_How to complete this task_
Only the lines from the one containing "LobsterProject" to the end of the data below belong in the answer, each repeated exactly; no pictures.
┌─ Collected material
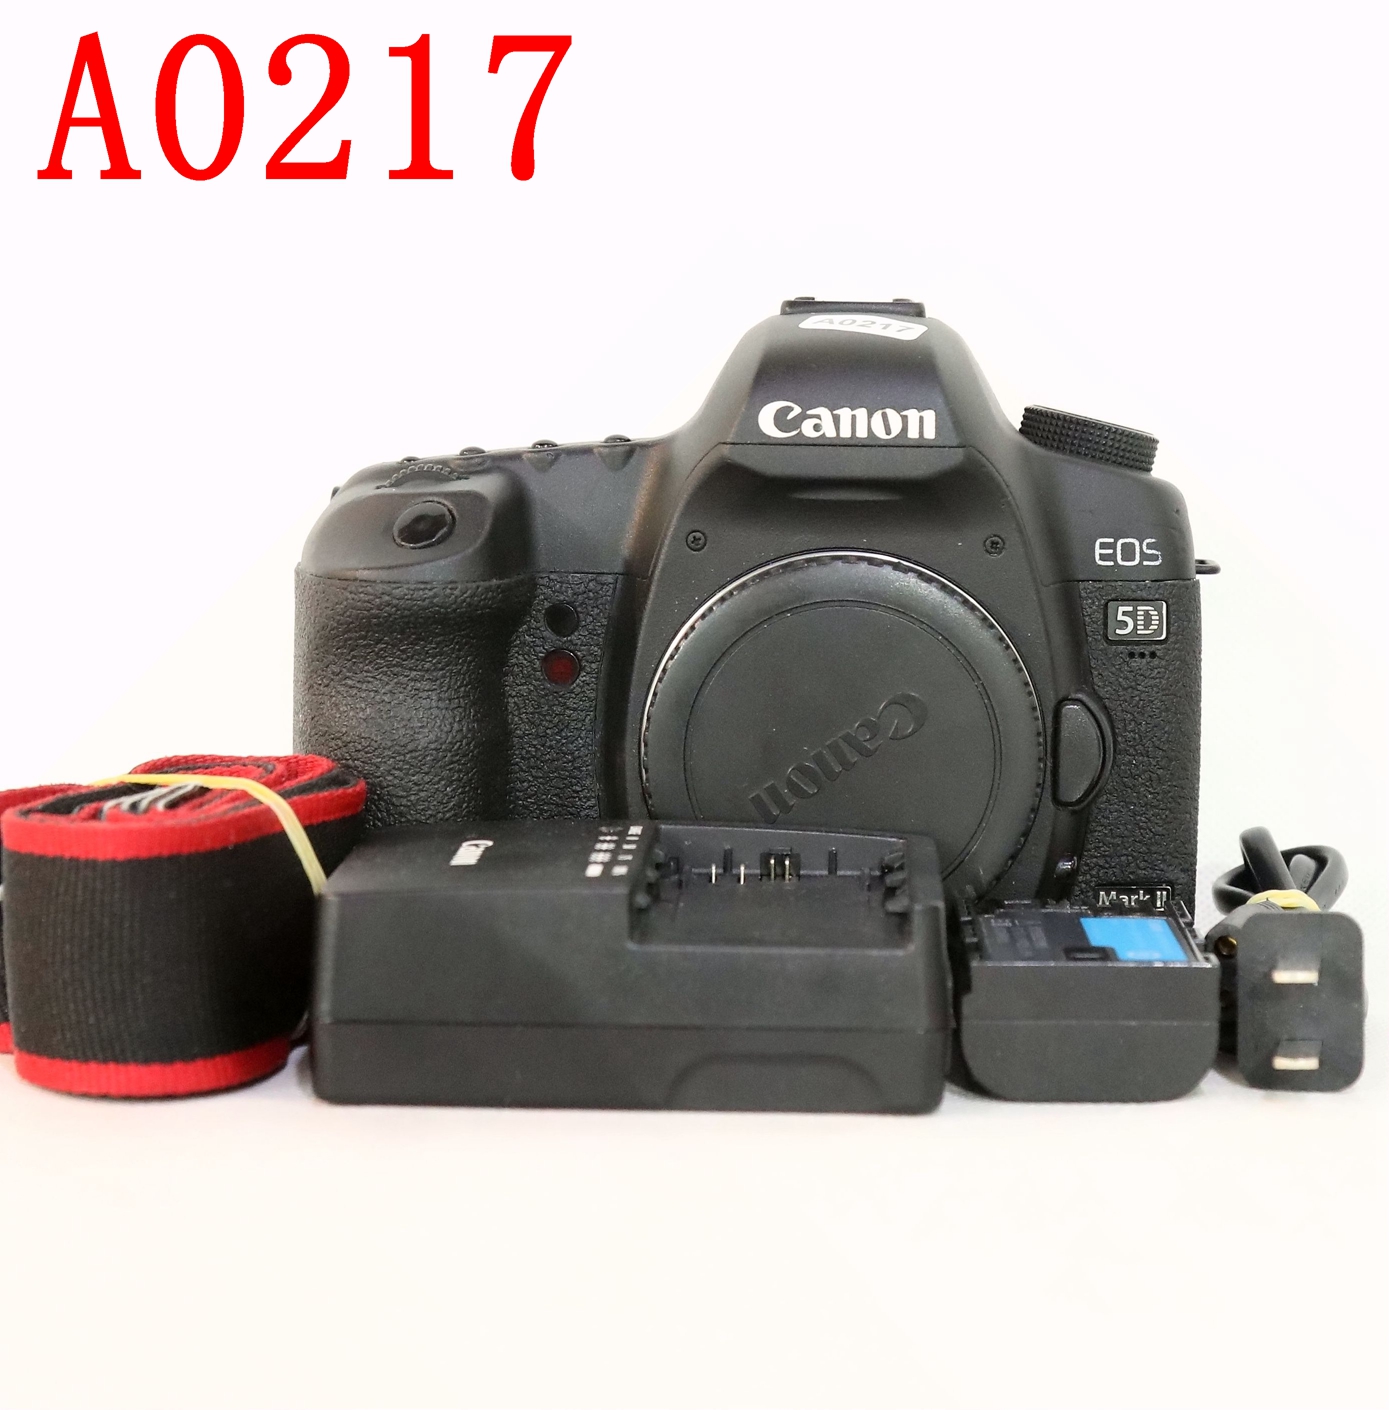 佳能 5D Mark II全画幅单反相机编号A0217
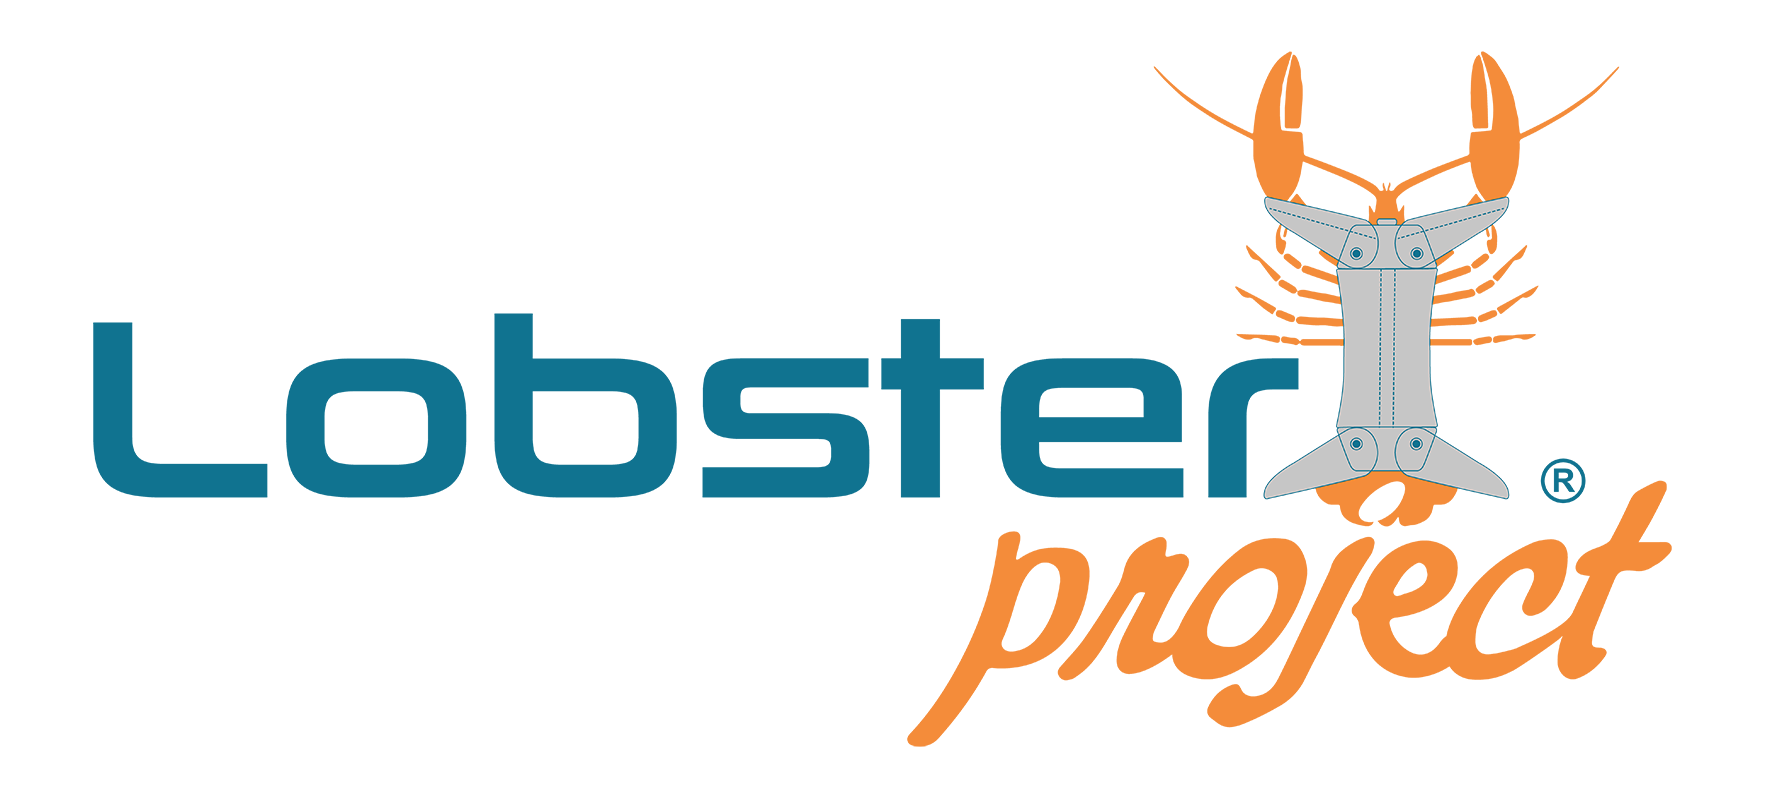 LobsterProject
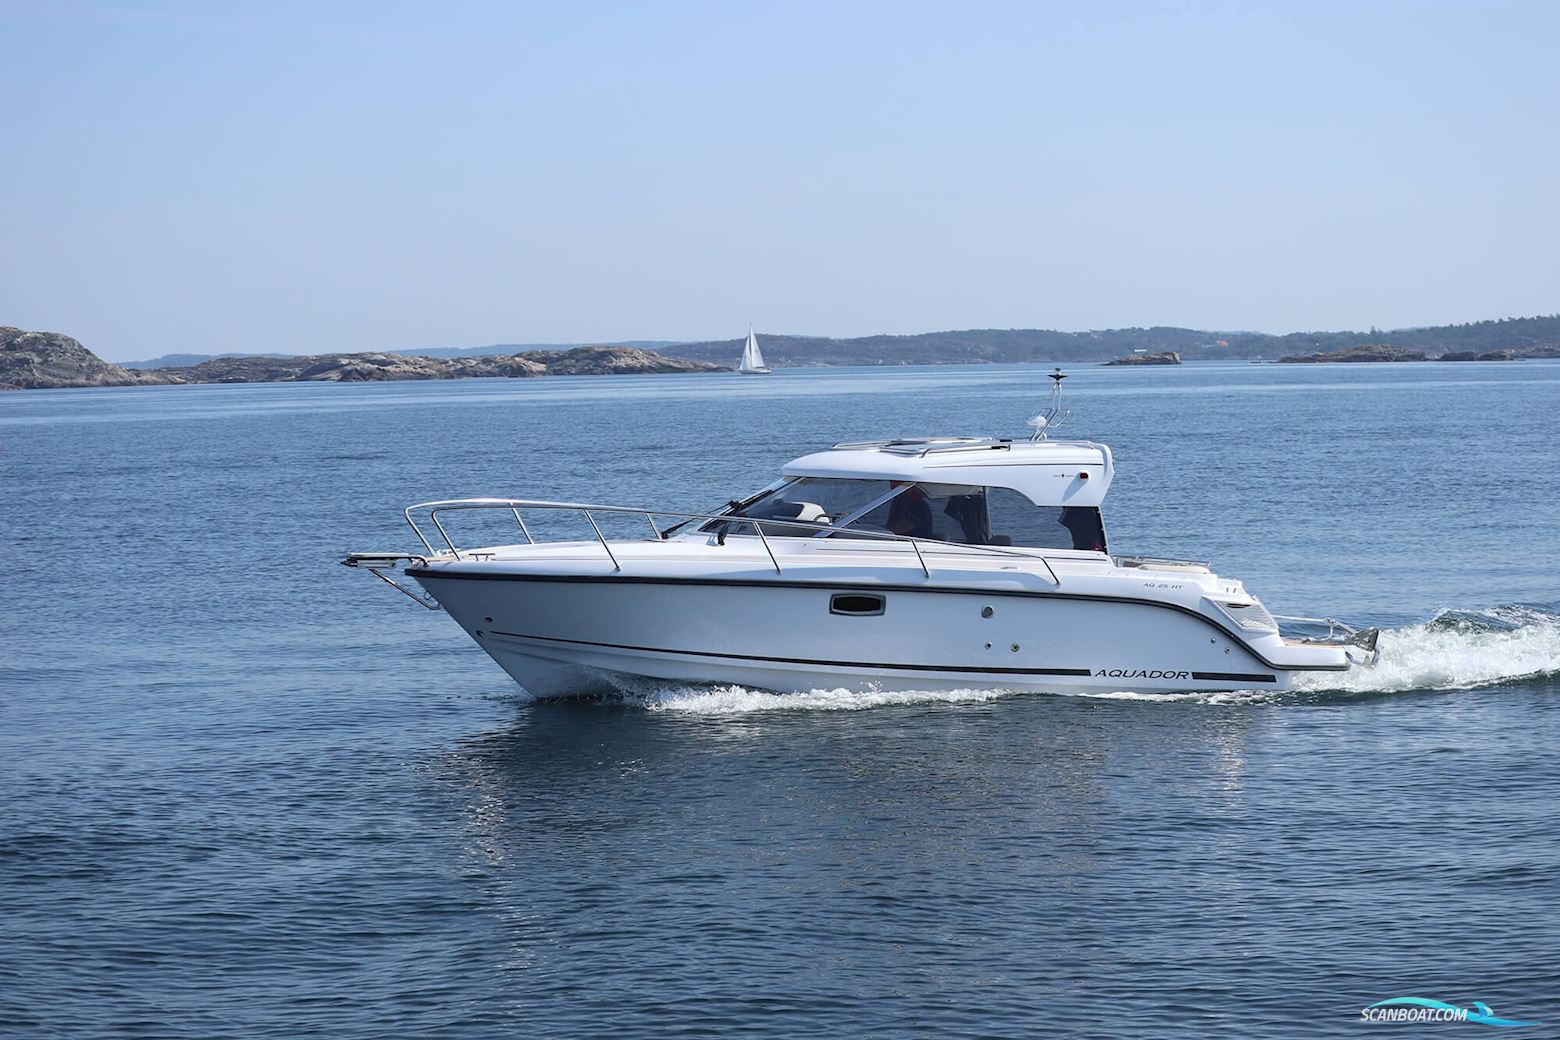 Aquador 25 HT Motorbåt 2023, med Mercruiser 250 hk motor, Sverige
└─
_Answer box_
 LobsterProject
 Aquador 25 HT Motorbåt 2023, med Mercruiser 250 hk motor, Sverige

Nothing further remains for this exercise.